Your objective:
Show every line of the records below that contains the word "with".

Material for this task:
◇ ◇ ◇

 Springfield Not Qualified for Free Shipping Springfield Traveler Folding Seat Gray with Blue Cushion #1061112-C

◇ ◇ ◇

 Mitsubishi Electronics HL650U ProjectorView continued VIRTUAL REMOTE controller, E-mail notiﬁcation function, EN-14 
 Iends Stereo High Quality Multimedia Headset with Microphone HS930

◇ ◇ ◇

Written solution:
 Springfield Not Qualified for Free Shipping Springfield Traveler Folding Seat Gray with Blue Cushion #1061112-C
 Iends Stereo High Quality Multimedia Headset with Microphone HS930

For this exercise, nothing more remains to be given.